_Exercise_:
A faithful transcript of all the lines below, with no pictures, is the goal here.

_Provided material_:
^^^^^^^^
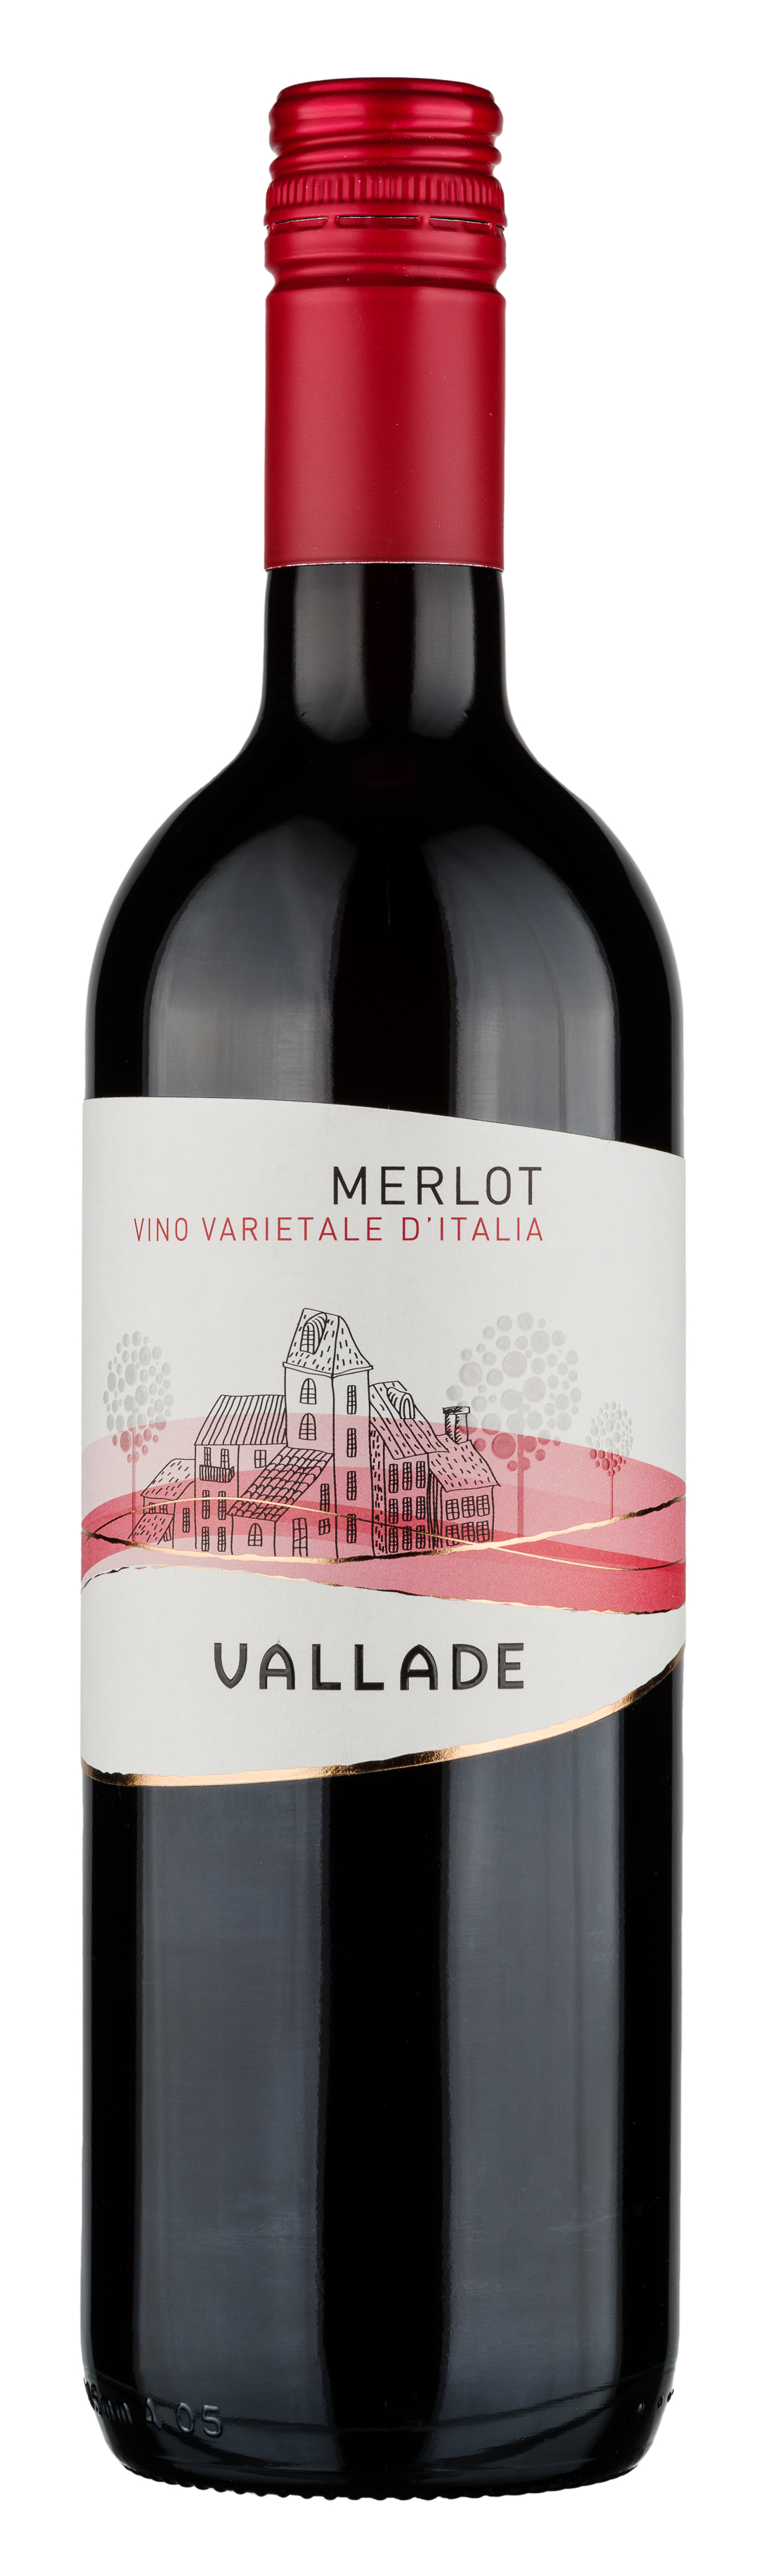 Wine Vallade Merlot
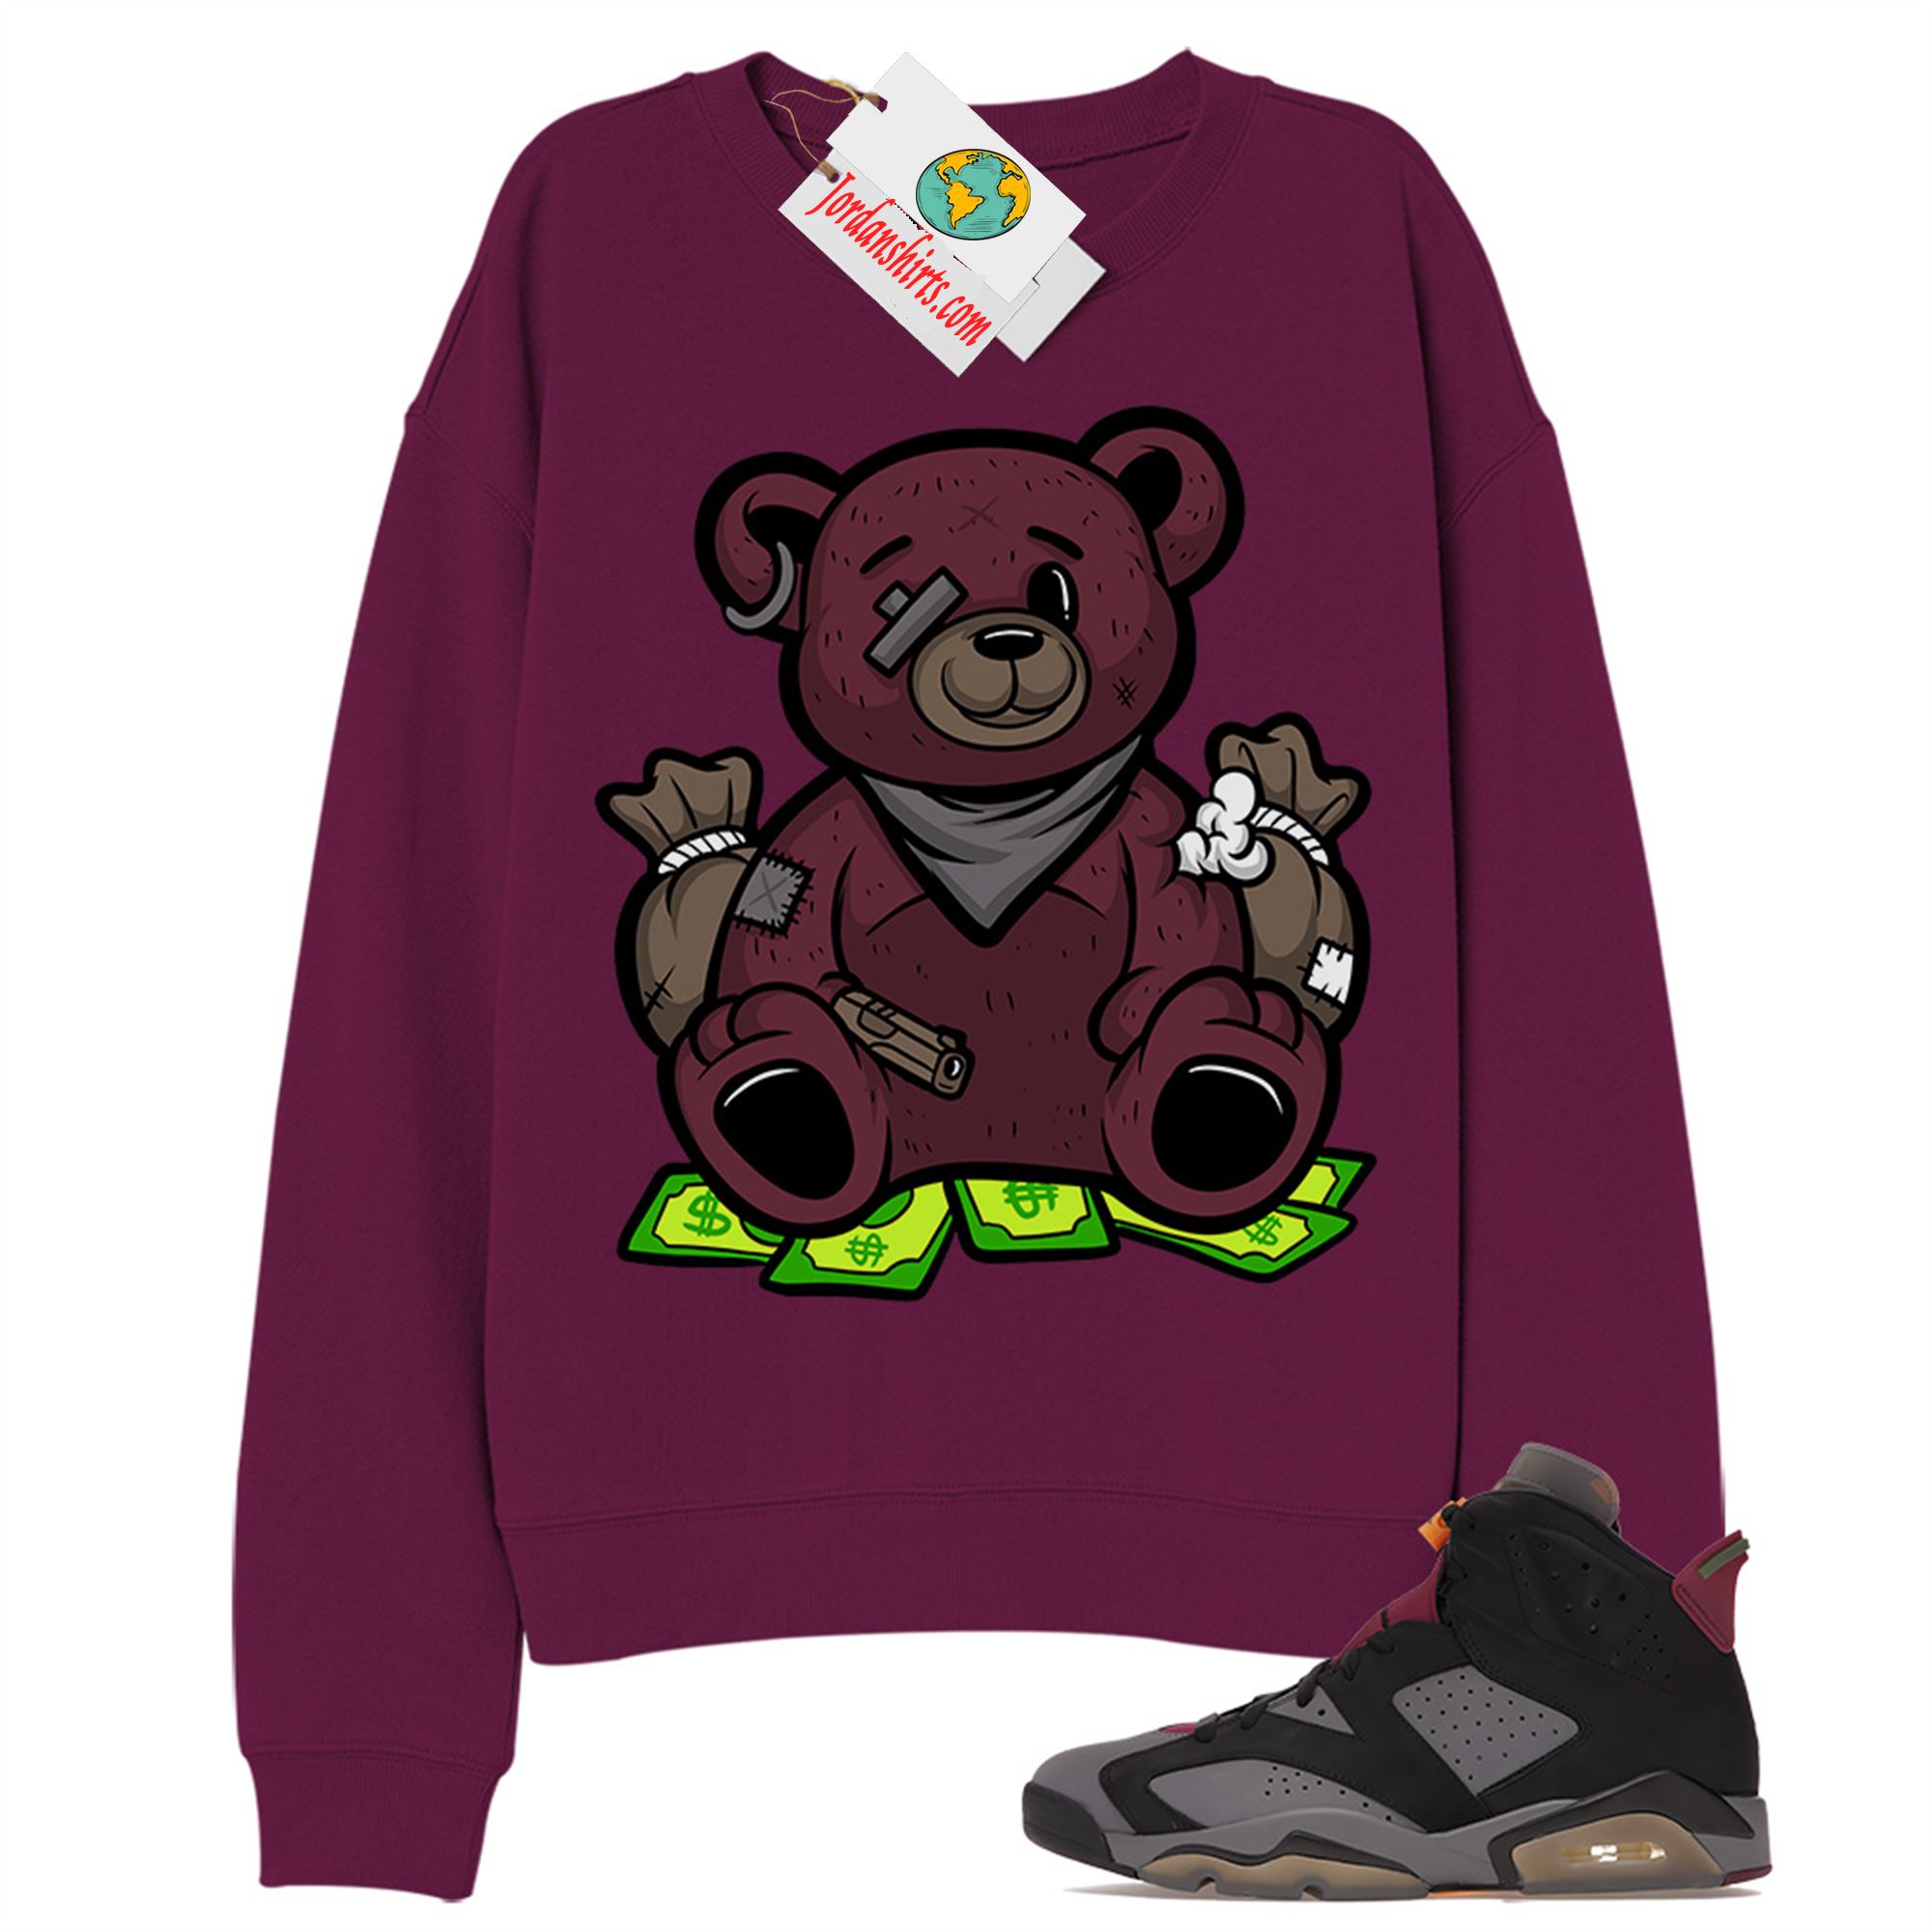 Jordan 6 Sweatshirt, Rich Teddy Bear Gangster Maroon Sweatshirt Air Jordan 6 Bordeaux 6s Plus Size Up To 5xl
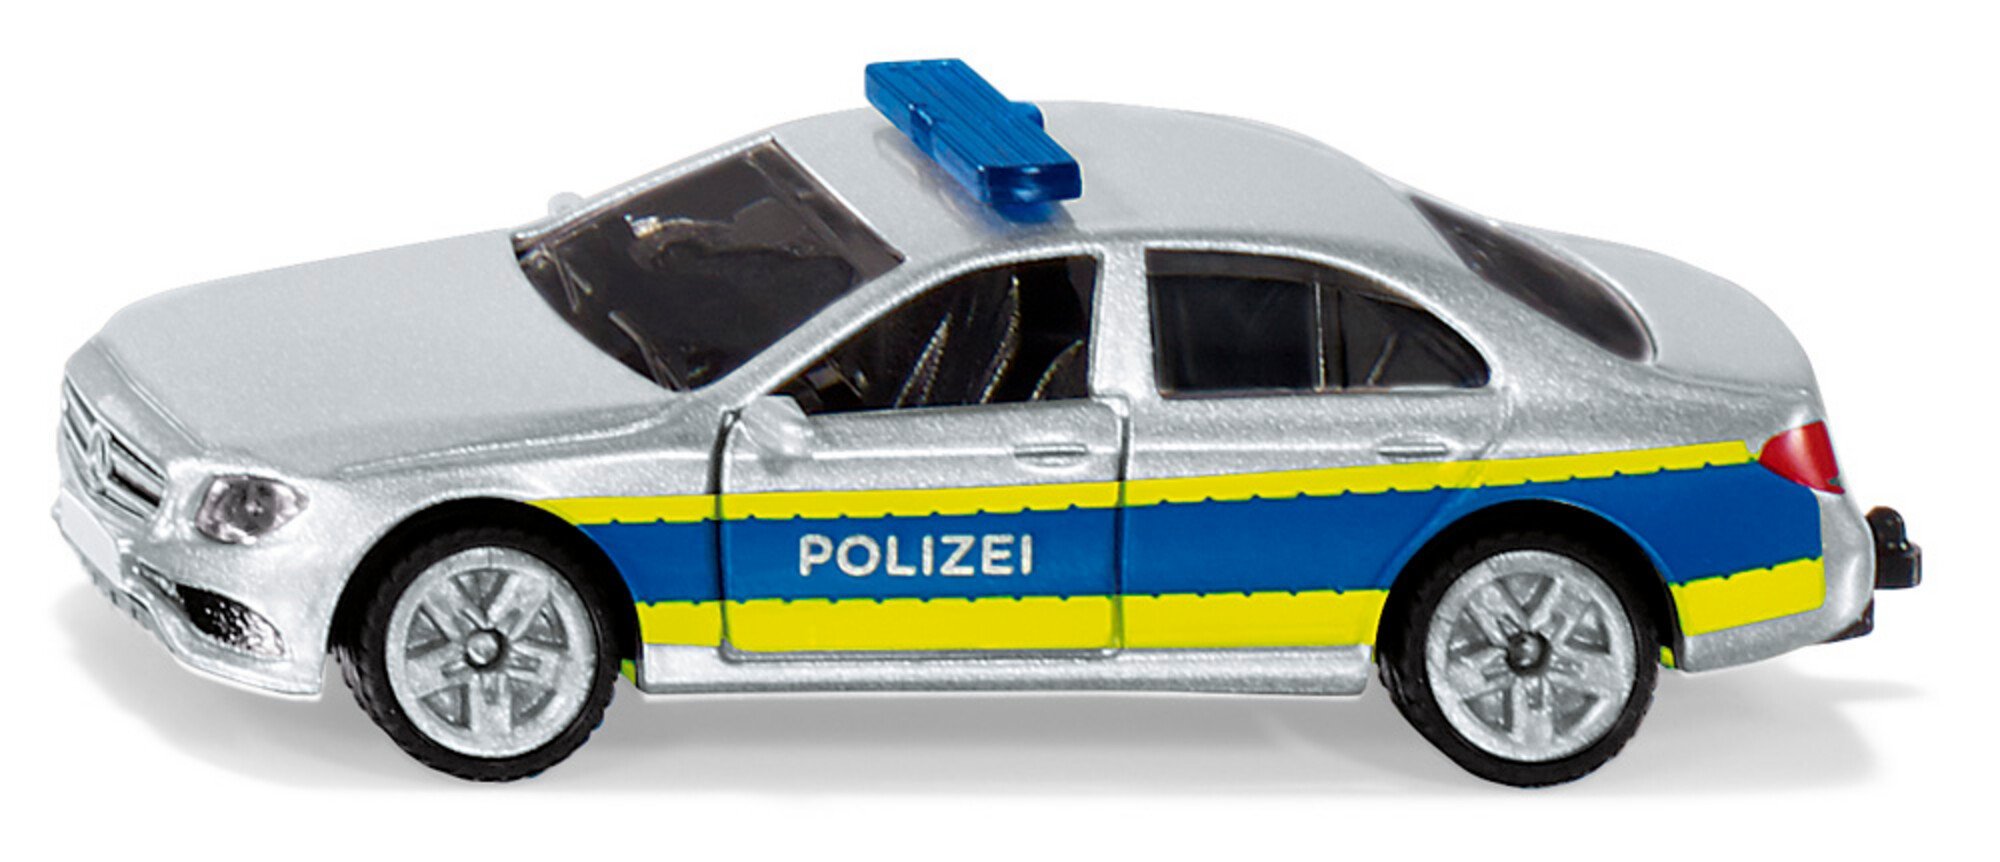 Police patrol car
^^^^^^^^
_Answer area_:
 Wine Vallade Merlot
 Jordan 6 Sweatshirt, Rich Teddy Bear Gangster Maroon Sweatshirt Air Jordan 6 Bordeaux 6s Plus Size Up To 5xl
 Police patrol car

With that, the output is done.